**Work instructions**. Every line from the one with "Alternate Image 1" through the last line below should be repeated exactly; pictures stay out of the copy.
• • • • •
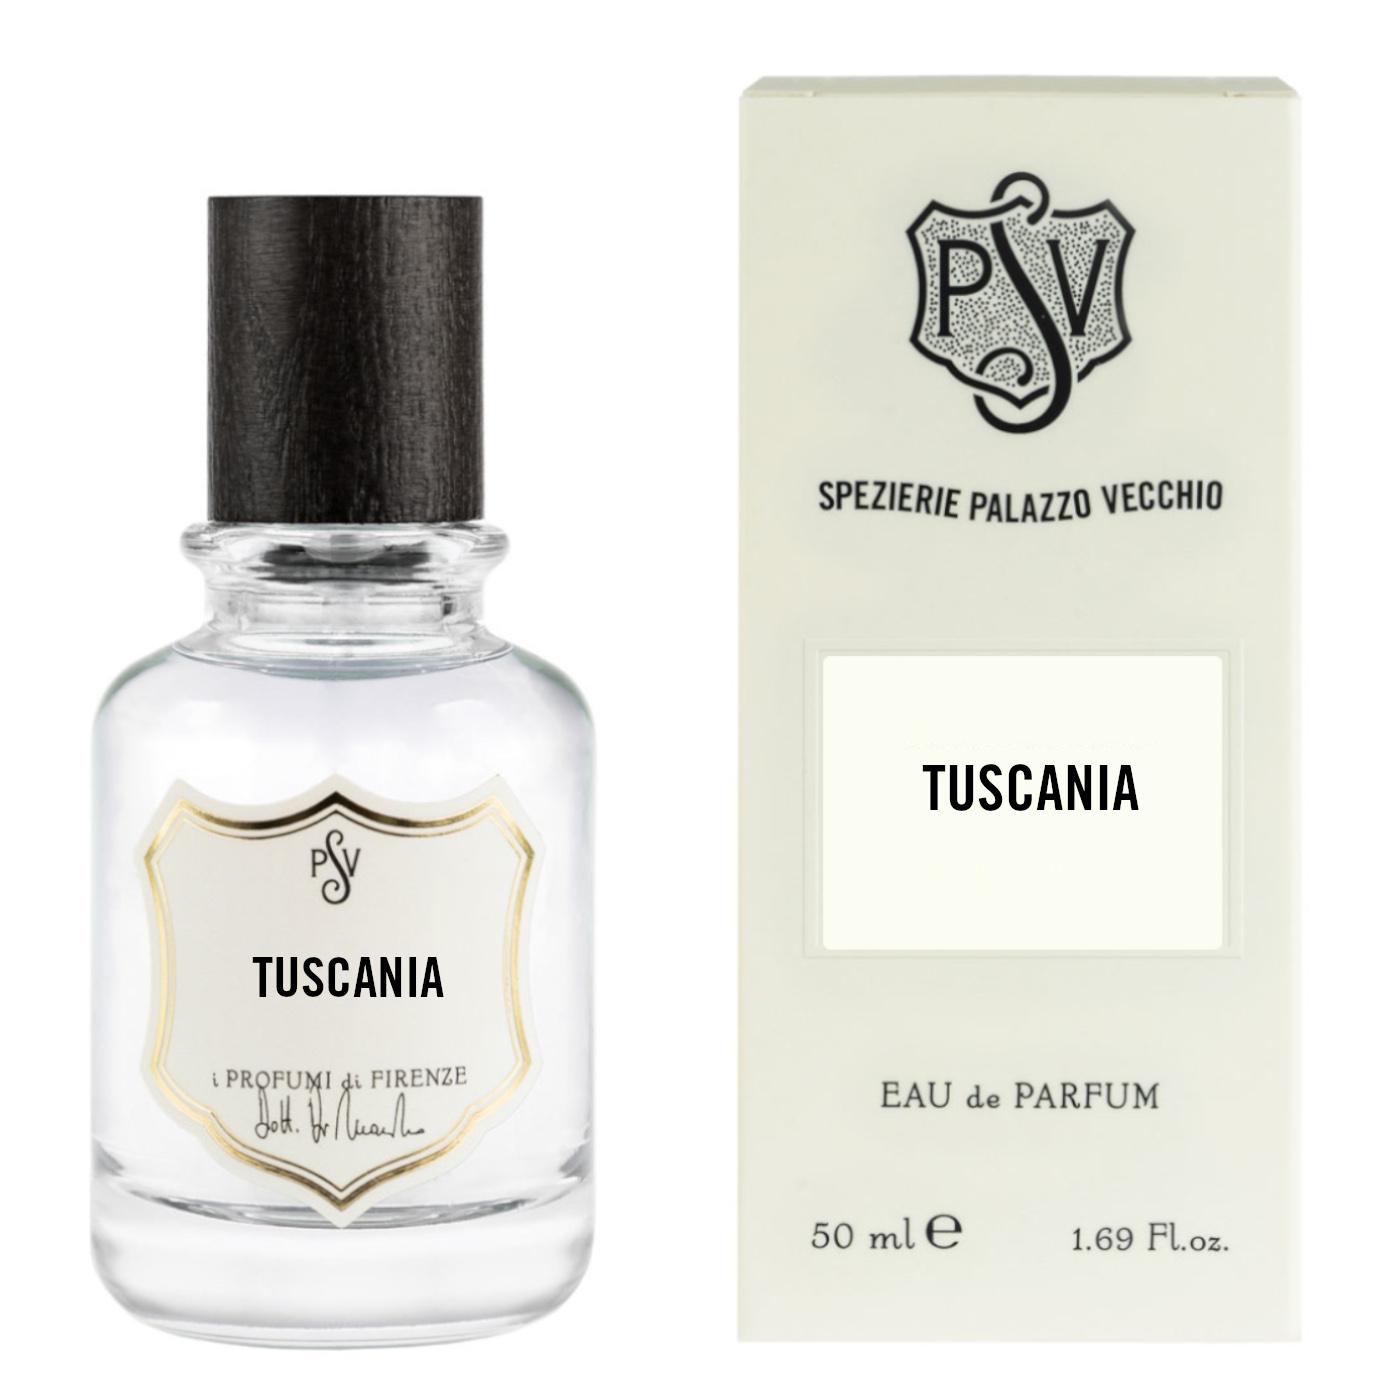 TUSCANIA Eau de Parfum-4895
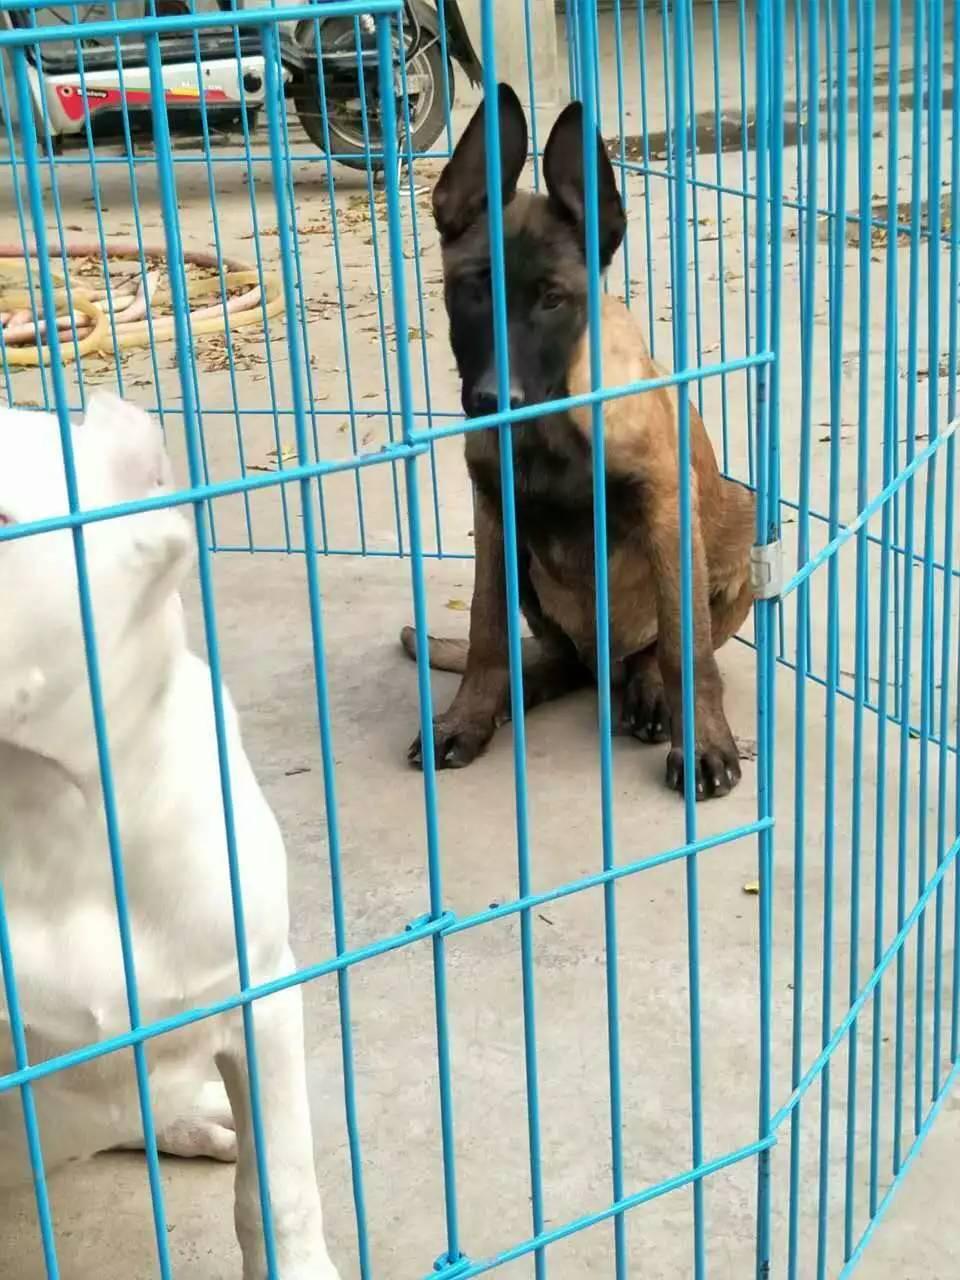 出售墨届黑狼犬牧羊犬莱州红犬狼青犬比特犬马犬杜高卡斯罗等猛犬
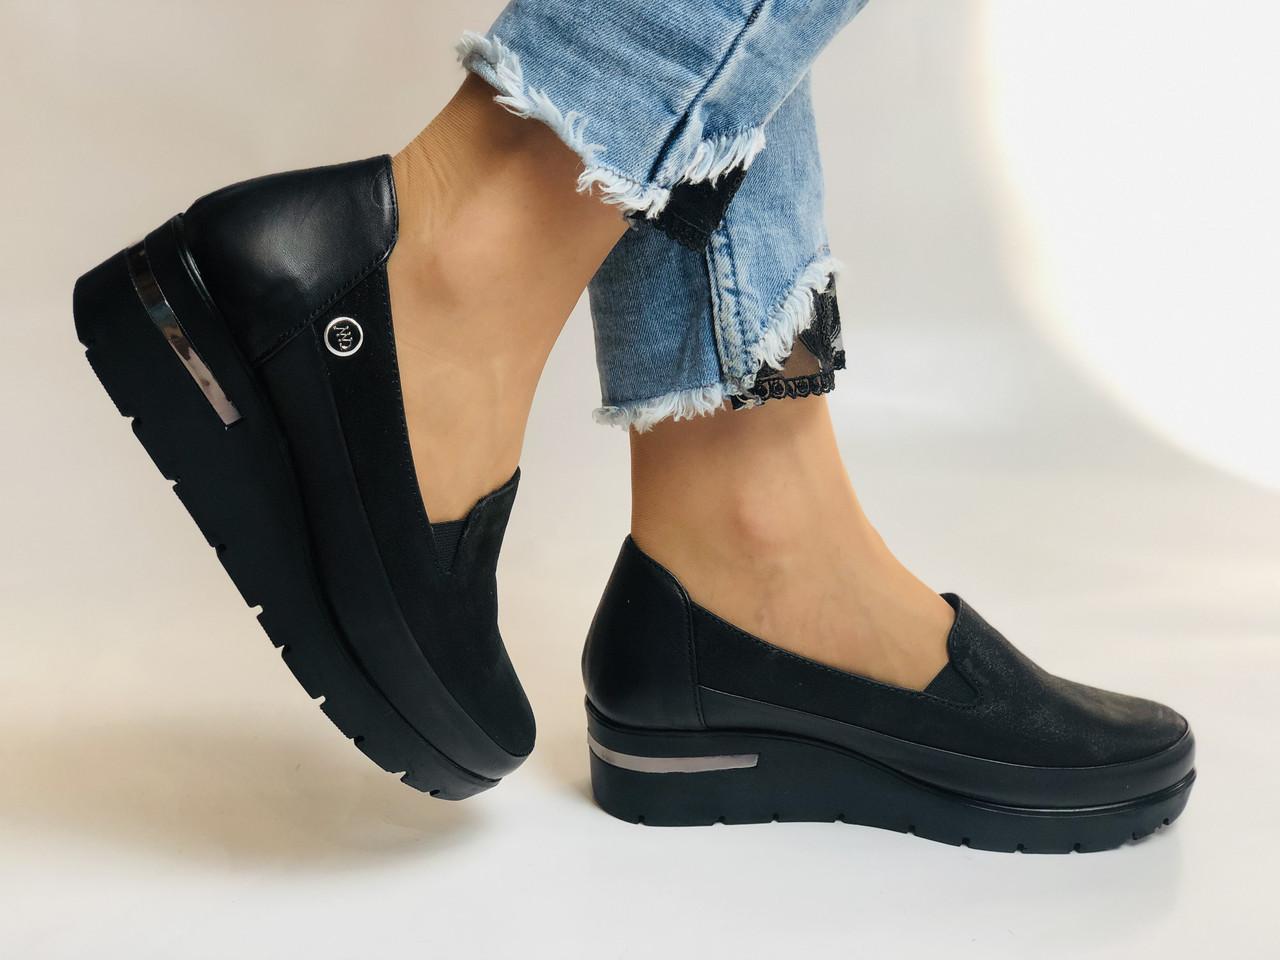 Mammamia. Жіночі туфлі на середній танкетці.Натуральна лакована шкіра.Туреччина. Розмір 35,36,38,39,40
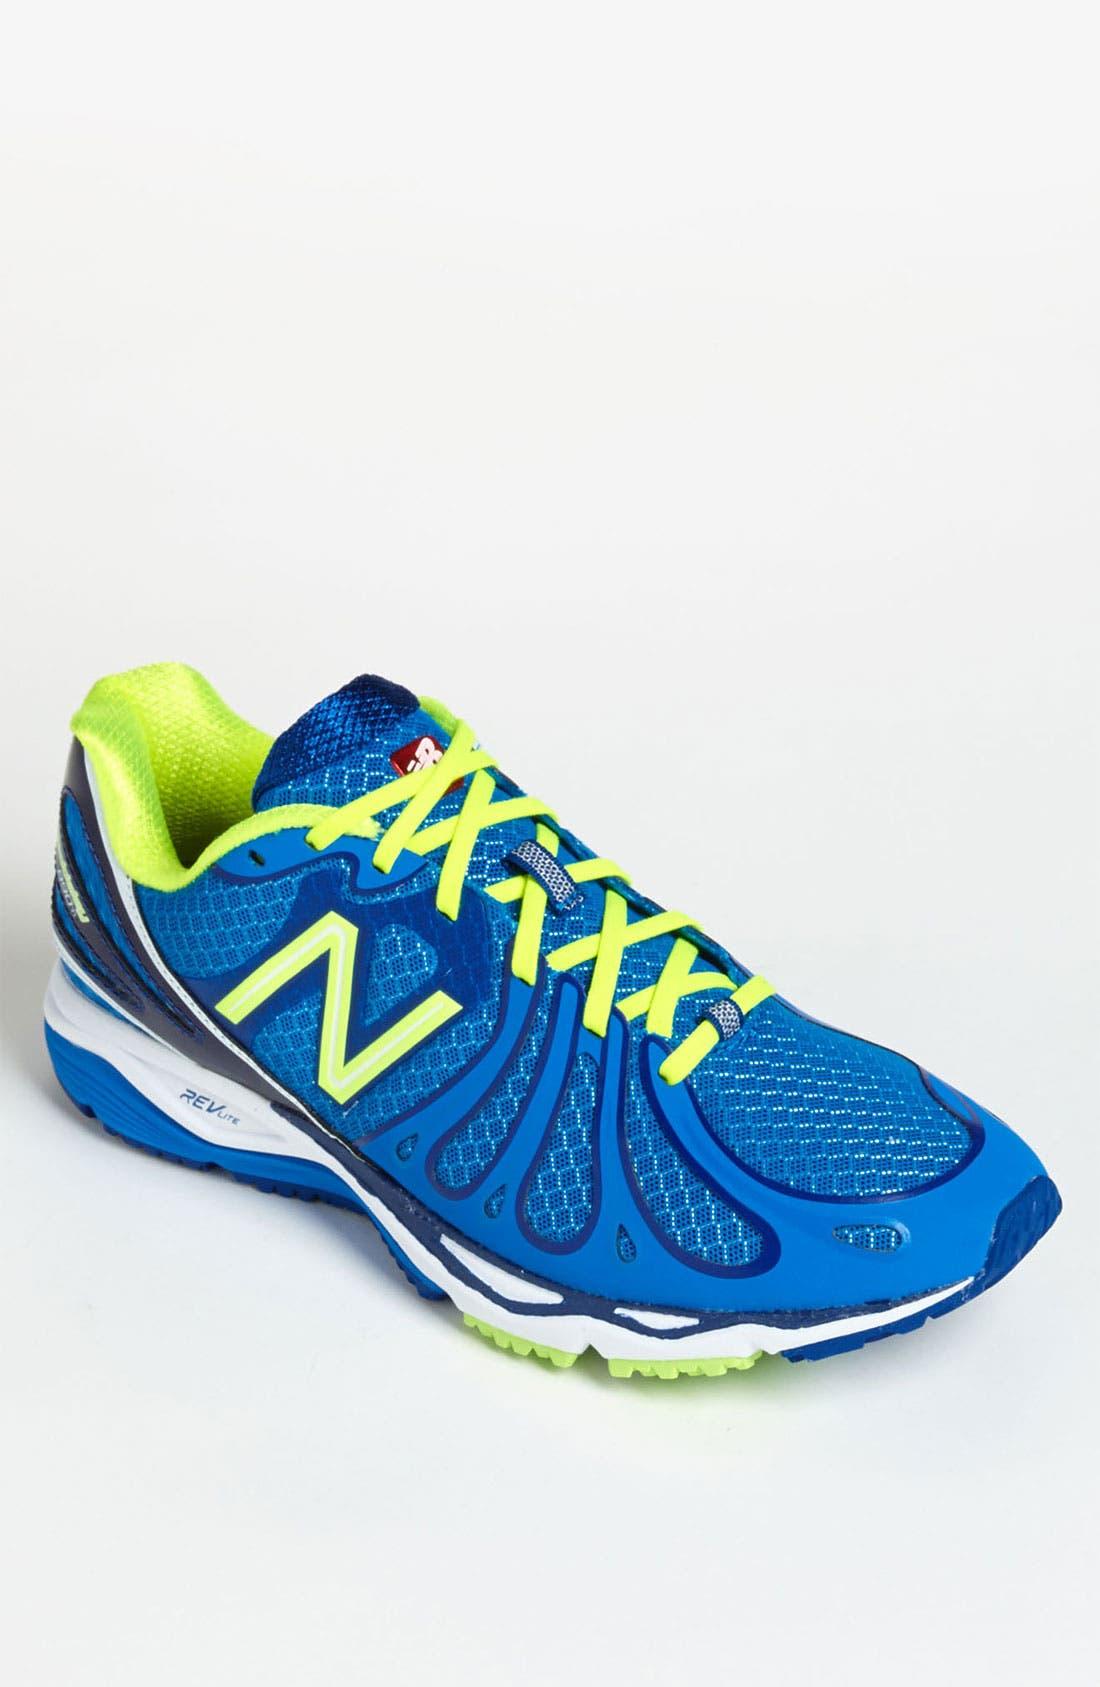 Alternate Image 1 Selected - New Balance '890v3' Running Shoe (Men) (Online Only)
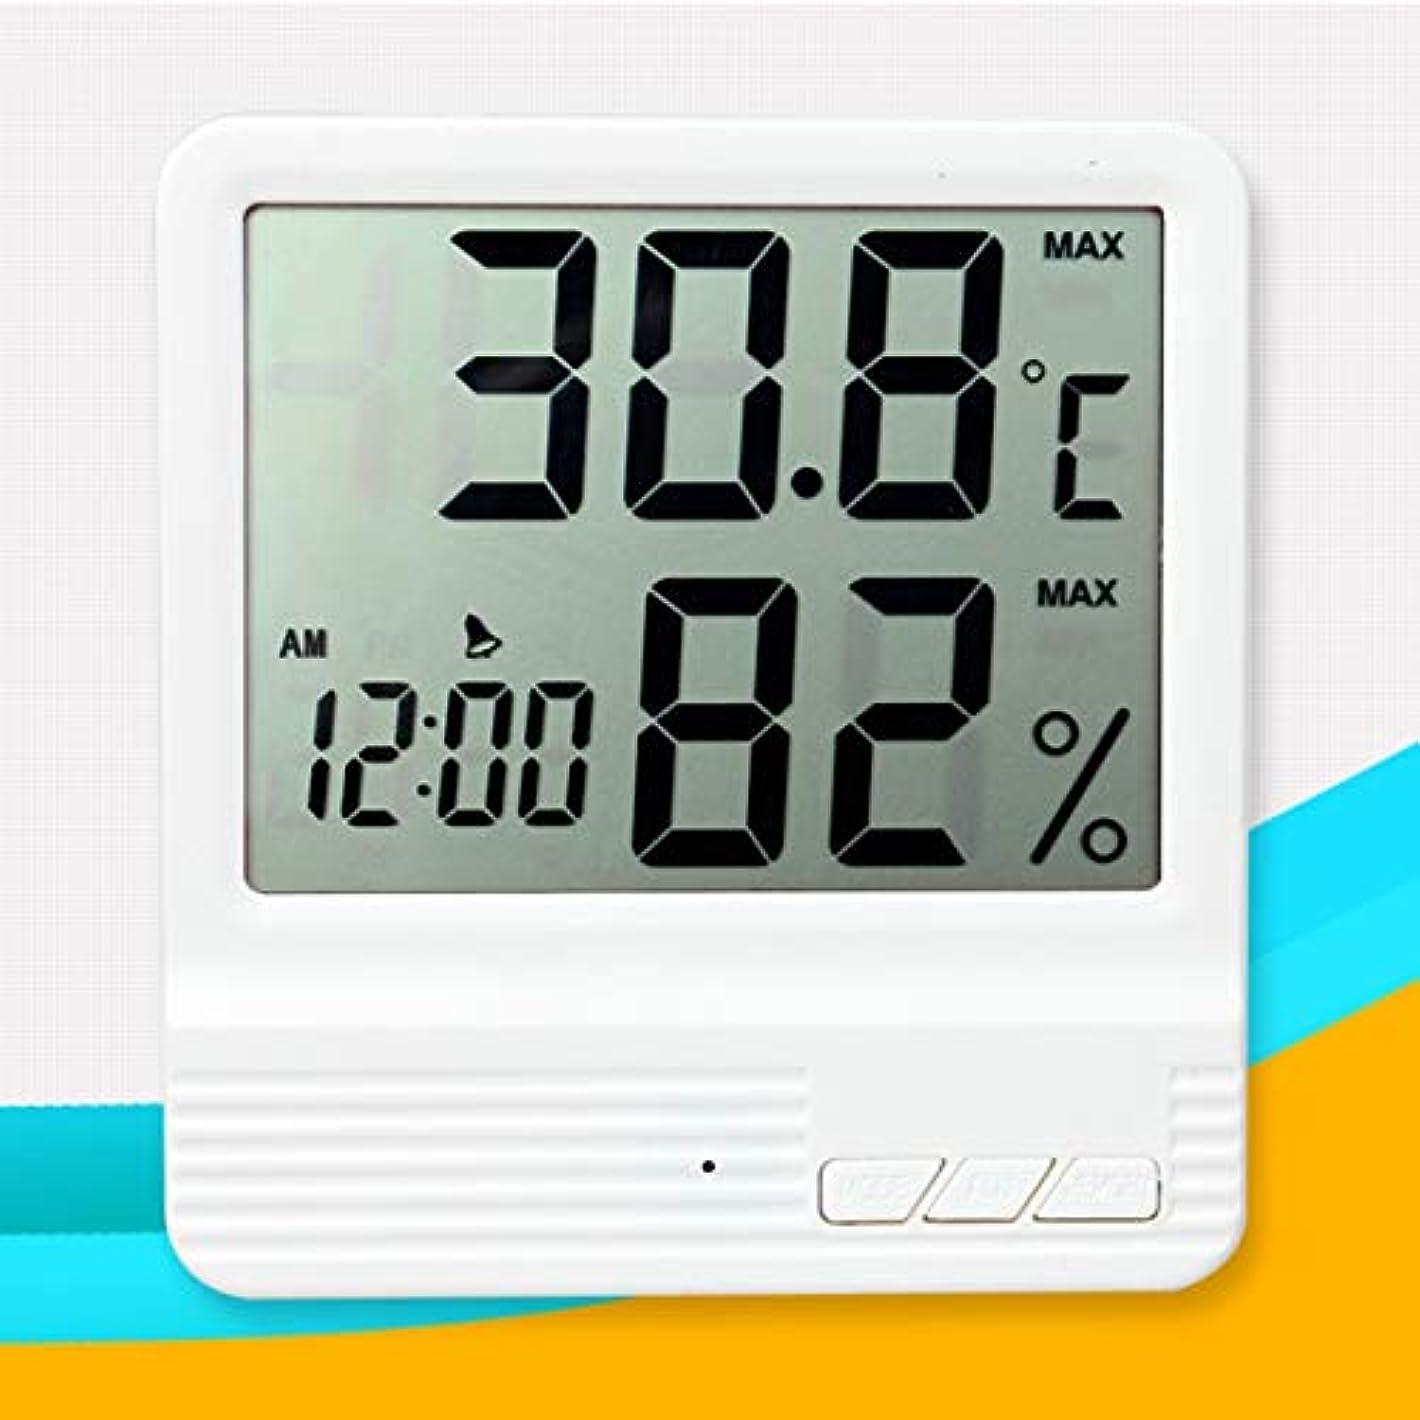 持続的鍔まもなくSaikogoods 電子体温計湿度計 デジタルディスプレイ 温度湿度モニター アラーム時計 屋内家庭用 白
• • • • •
**Written response**.
 Alternate Image 1 Selected - New Balance '890v3' Running Shoe (Men) (Online Only)
 持続的鍔まもなくSaikogoods 電子体温計湿度計 デジタルディスプレイ 温度湿度モニター アラーム時計 屋内家庭用 白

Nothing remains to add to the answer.